Я выпрыгнул на песок, чтобы помочь ему. Устругов шагнул на корму, где, опустив голову на грудь, полусидя спал Самарцев. Георгий тронул его за плечо и, когда тот не проснулся, тряхнул посильнее. Голова спящего мотнулась из стороны в сторону. Устругов присел на корточки.
- Вася! - с испугом позвал он. - Вася!..
Он энергично потряс друга, все еще надеясь разбудить. Самарцев не очнулся. Георгий схватил его голову обеими руками, подняв, заглянул в остекленевшие, мертвые глаза. Только тут понял он, что случилось. Прижав к себе голову мертвого, он заплакал от горя. Я бросился к нему, обнял одной рукой безжизненно спокойного Самарцева, другой вздрагивающего от рыданий Устругова и втиснул свое лицо между ними. Щека мертвого была шершава и холодна, щека Георгия тепла и мокра.
В моей жизни не было более близких людей, более верных друзей, чем те двое. И нас свела вместе не только трагическая судьба, которая бросила в плен, а затем в концентрационный лагерь. У нас было много общего: взгляды, вкусы, склонности. Мы делились пищей и мыслями, горем и радостью, ненавистью и любовью.

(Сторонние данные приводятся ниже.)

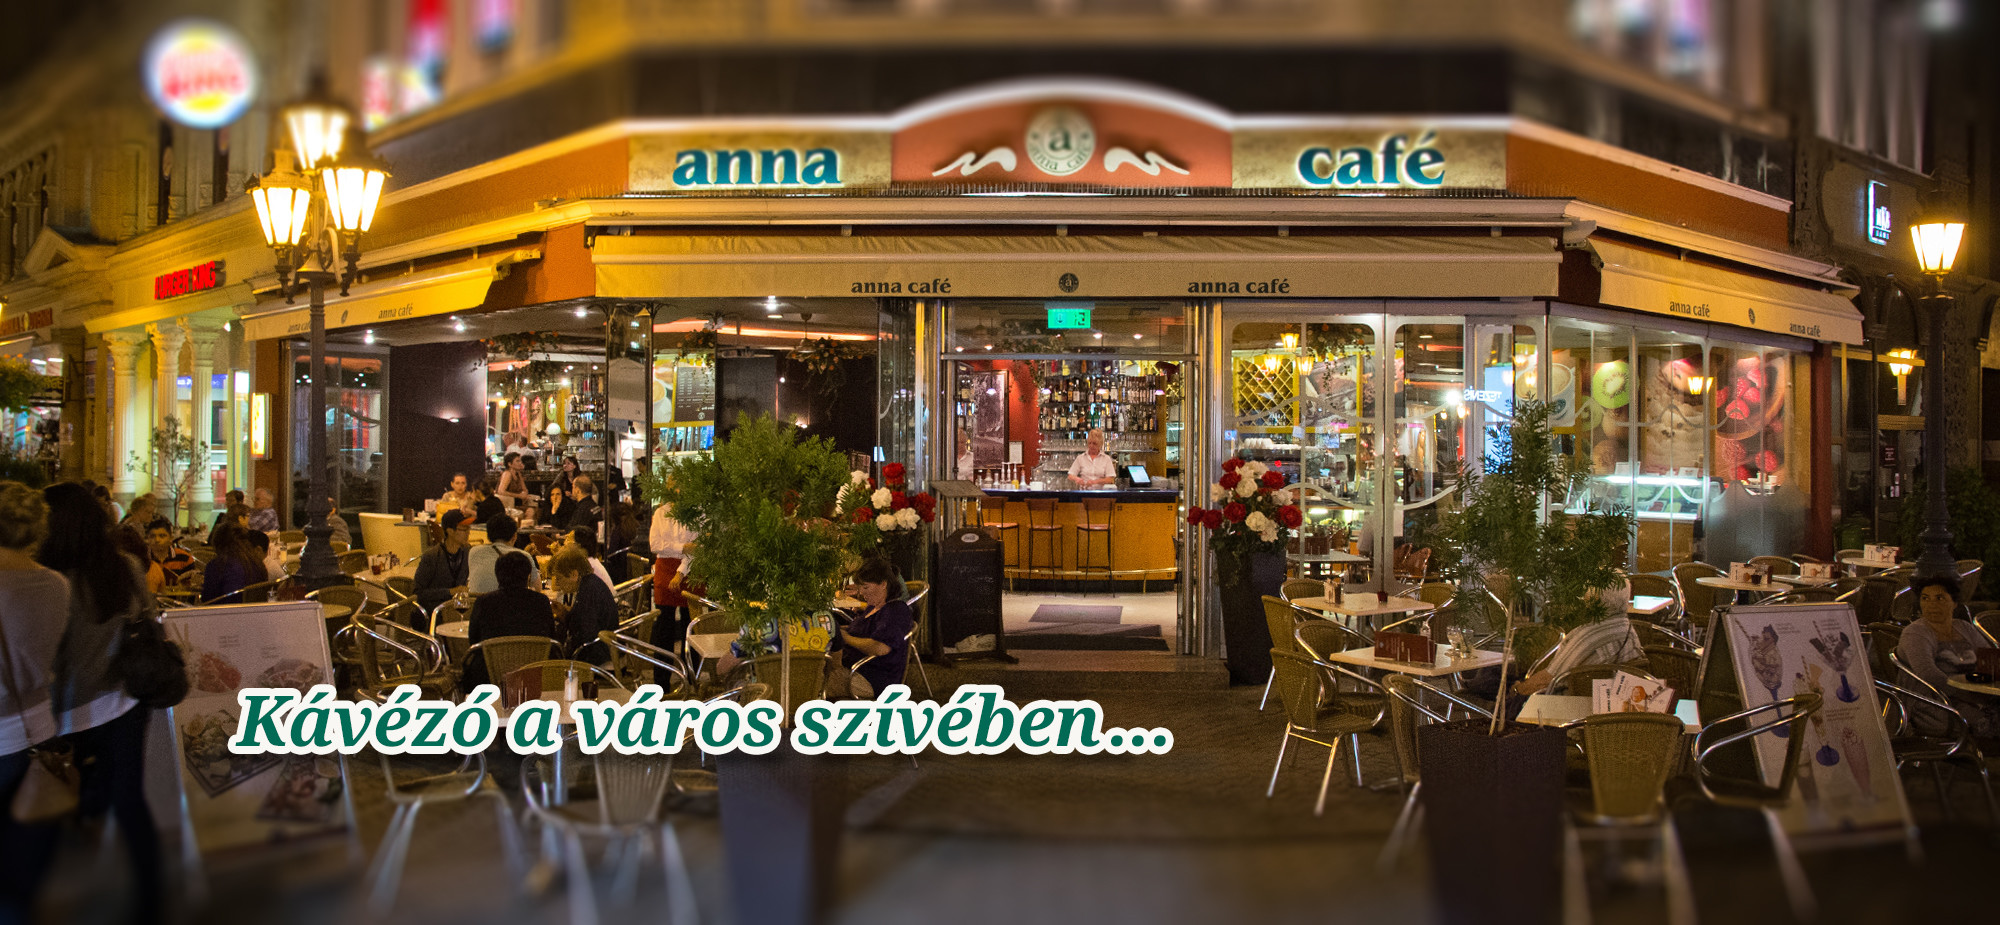 anna-vaci-este-szoveges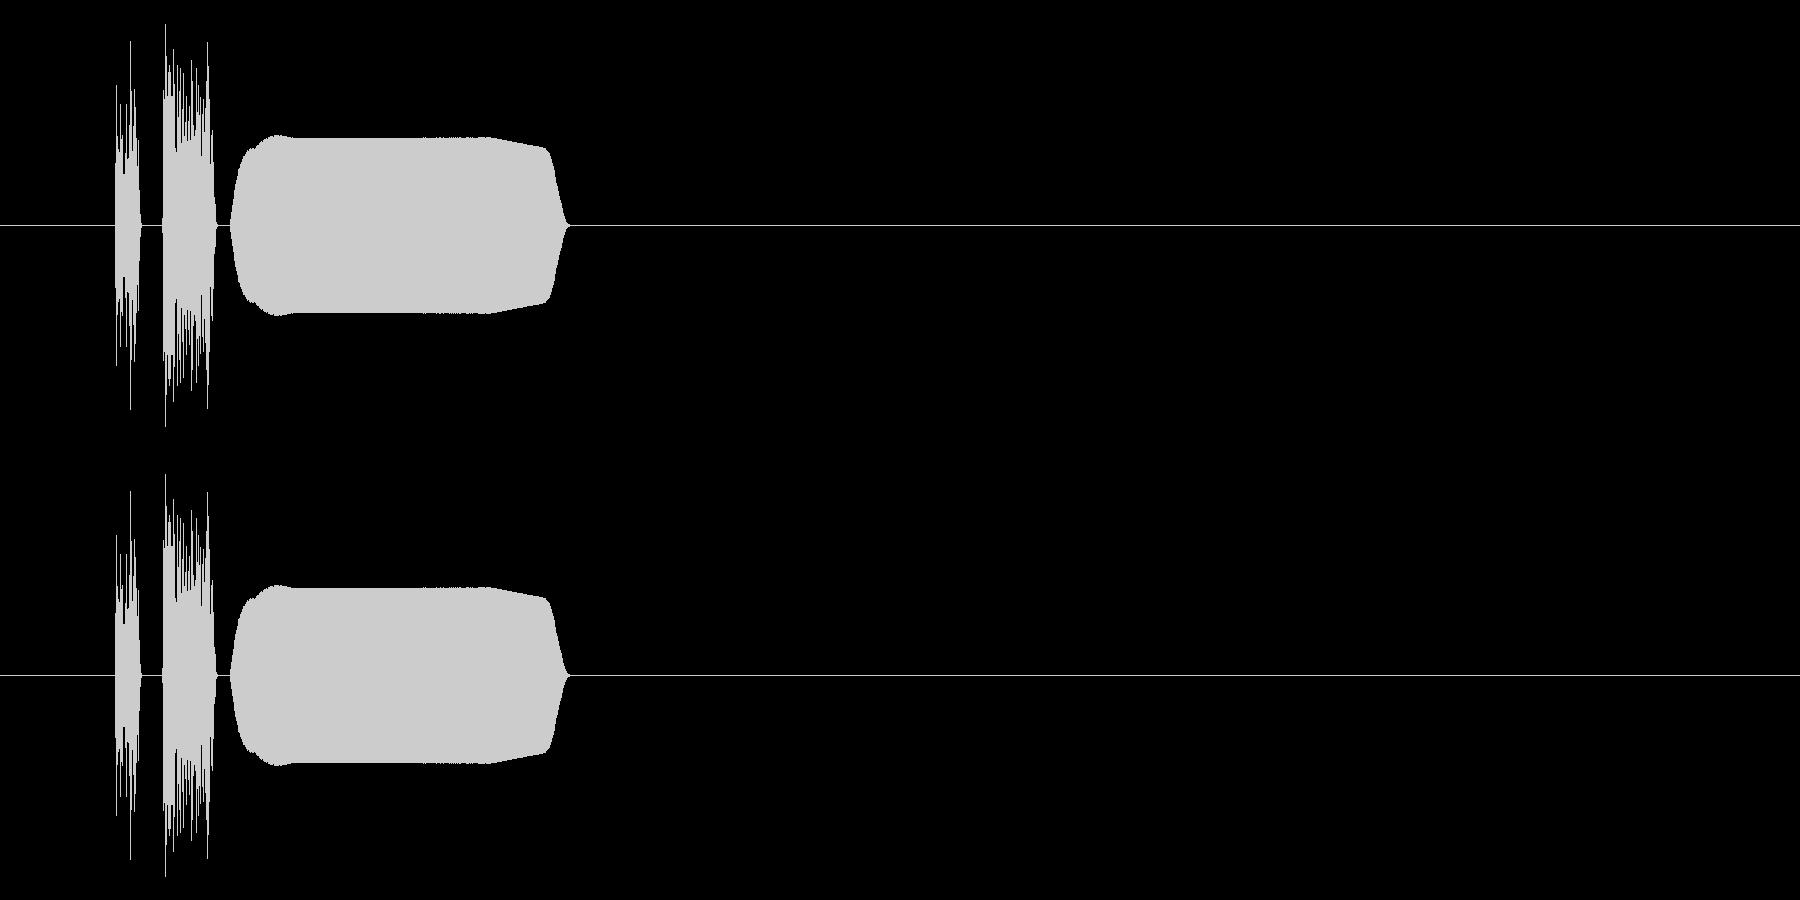 SNES-RPG05-12(ジャンプ)の未再生の波形

Все люди смертны... Сколько раз говорилось и писалось это! Сколько раз каждый думал об этом, относя, однако, эту неопровержимую и страшную истину ко всем, кроме себя, своих близких! Соглашаясь с нею, мы невольно делаем это исключение, потому что верим, что сами мы и наши близкие будем жить... ну, если не всегда, то по крайней мере долго! И смерть близких всегда предстает перед нами как неоправданное нарушение обещания, как разрушение веры, которая не должна была разрушаться.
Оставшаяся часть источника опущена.